50 “When it is said that they ‘offended’ their lord, the verb used, hate’u implies actual guilt on the part of each, for literally it means, ‘they sinned.”’ H. C. Leupold, Exposition of Genesis (Grand Rapids: Baker Book House, 1942), II, p. 1005.
The point of the word is not that the butler and the baker were guilty of some indiscretion or inadvertently offended Pharaoh but that they committed some sin which rightly angered this potentate. The same Hebrew word is found in Genesis 20:6,9; 39:9; 42:22; Exodus 20:20, in this same sense. While Joseph was innocently imprisoned, these two officials were not.
51 “On the dreamers’ part, the conviction that the dreams had a meaning is equally in character: it was common belief in Egypt that they were predictive, and a body of writings grew up on the art of interpreting them.” Derek Kidner, Genesis: An Introduction and Commentary (Chicago: Inter-Varsity Press, 1967), p. 193.
Then the word of the LORD came to me saying, “Can I not, O house of Israel, deal with you as this potter does?” declares the LORD. “Behold, like the clay in the potter’s hand, so are you in My hand, O house of Israel. At one moment I might speak concerning a nation or concerning a kingdom to uproot, to pull down, or to destroy it, if that nation against which I have spoken turns from its evil, I will relent concerning the calamity I planned to bring on it” (Jeremiah 18:5-8).
This is why Jonah dreaded preaching a message of condemnation to the people of Ninevah (cf. Jonah 3:5-4:3). He knew that God was gracious and not willing that men should perish. In the same way, I believe, the prediction of the death of the baker was intended to bring him to repentance.
53 In his classic work Knowing God, J. I. Packer devotes an entire chapter to the matter of suffering and the error of those who insist that the Christian need not experience it. I will cite several excerpts from this chapter, hoping you will read the entire book:
“A certain type of ministry of the gospel is cruel. It does not mean to be but it is. . . .

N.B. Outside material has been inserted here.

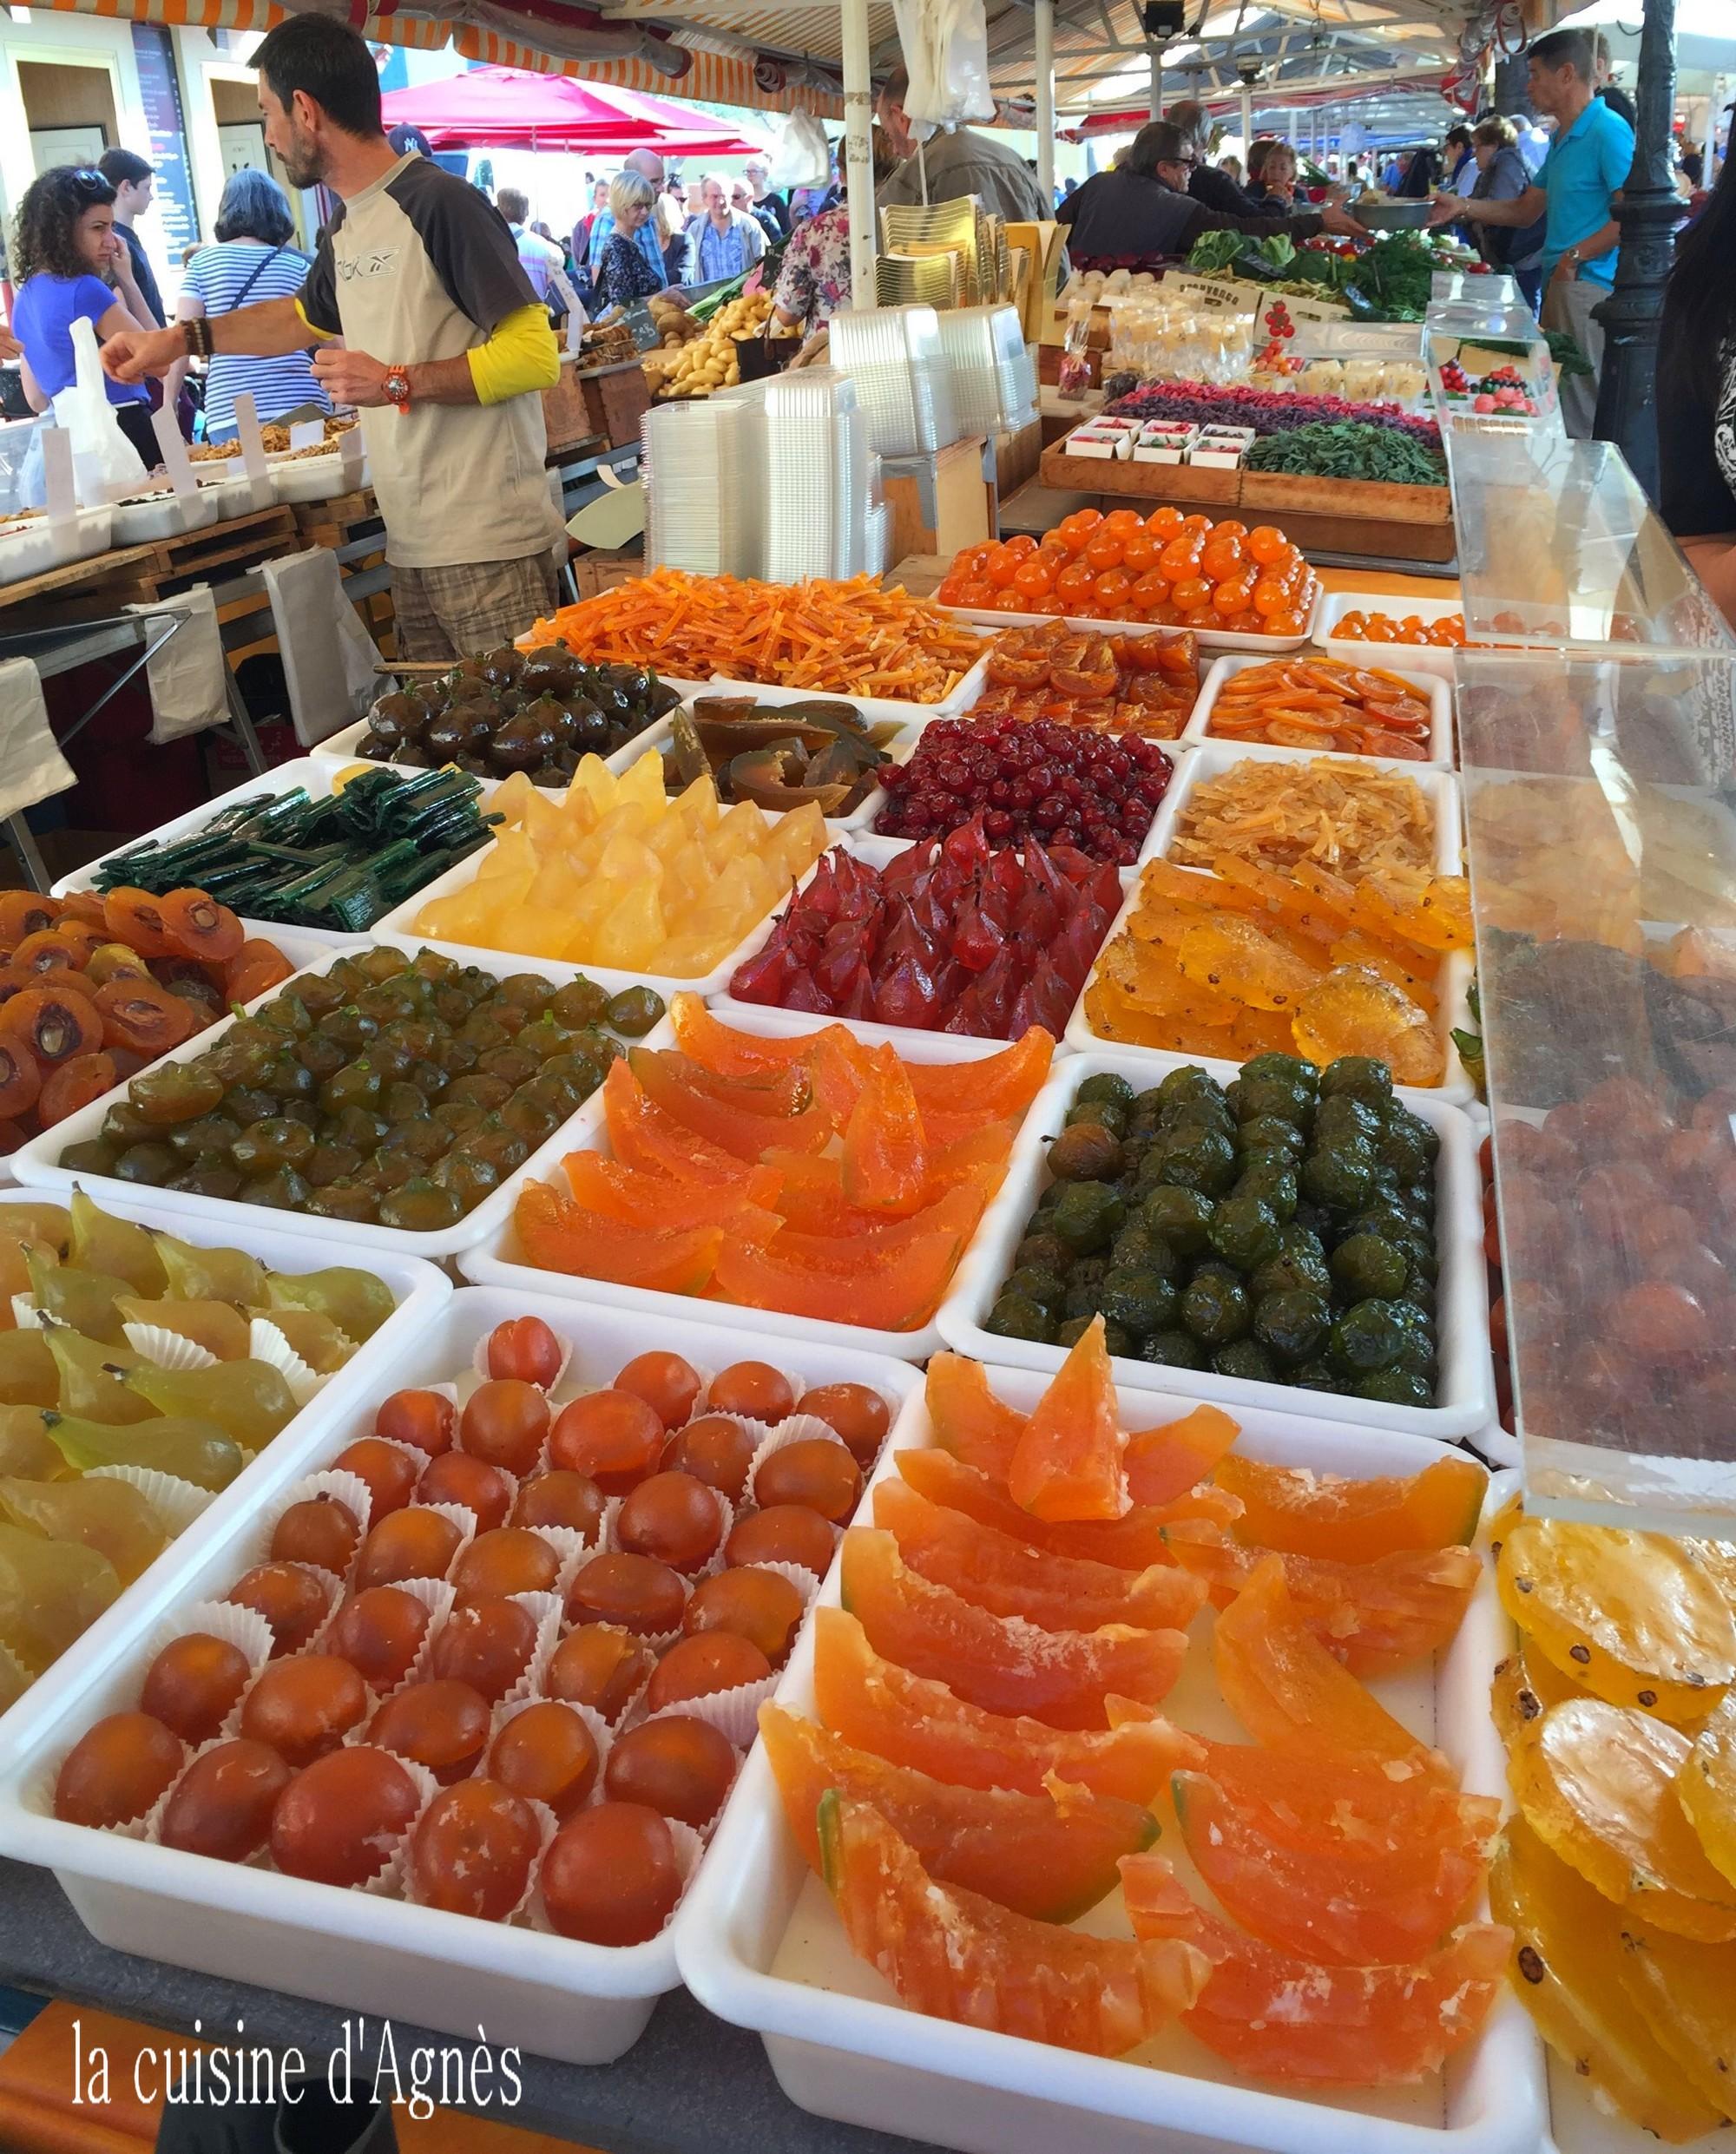 Cours saleya nice le march aux fleurs blogs de cuisine - Cours de cuisine nice ...

“What kind of ministry is this? The first thing to say is that, sad as it may seem, it is an evangelical ministry. Its basis is acceptance of the Bible as God’s Word and its promises as God’s assurances. Its regular themes are justification by faith through the cross, new birth through the Spirit, and new life in the power of Christ’s resurrection. . . .
“The type of ministry that is here in mind starts by stressing, in an evangelistic context, the difference that becoming a Christian will make. Not only will it bring a man forgiveness of sins, peace of conscience, and fellowship with God as his Father; it will also mean that, through the power of the indwelling Spirit, he will be able to overcome the sins that previously mastered him, and the light and leading that God will give him will enable him to find a way through problems of guidance, self-fulfillment, personal relations, heart’s desire, and such like, which had hitherto defeated him completely. How, put like that, in general terms, these great assurances are scriptural and true--praise God, they are! But it is possible so to stress them, and so to play down the rougher side of the Christian life--the daily chastening, the endless war with sin and Satan, the periodic walk in darkness--as to give the impression that normal Christian living is a perfect bed of roses, a state of affairs in which everything in the garden is lovely all the time, and problems no longer exist--or, if they come, they have only to be taken to the throne of grace, and they will melt away at once.” J. I. Packer, Knowing God (Downers Grove: Inter Varsity Press, 1973), pp. 221-222.
54 Joe Bayly has an excellent discussion on the detrimental effect of presumptuously praying the prayer of faith for healing in the case of the terminally ill in the chapter entitled “Prayer and Terminal Illness.” Joseph Bayly, The Last Thing We Talk About (Elgin, Illinois: David C. Cook Publishing Co., 1973), pp. 80-88.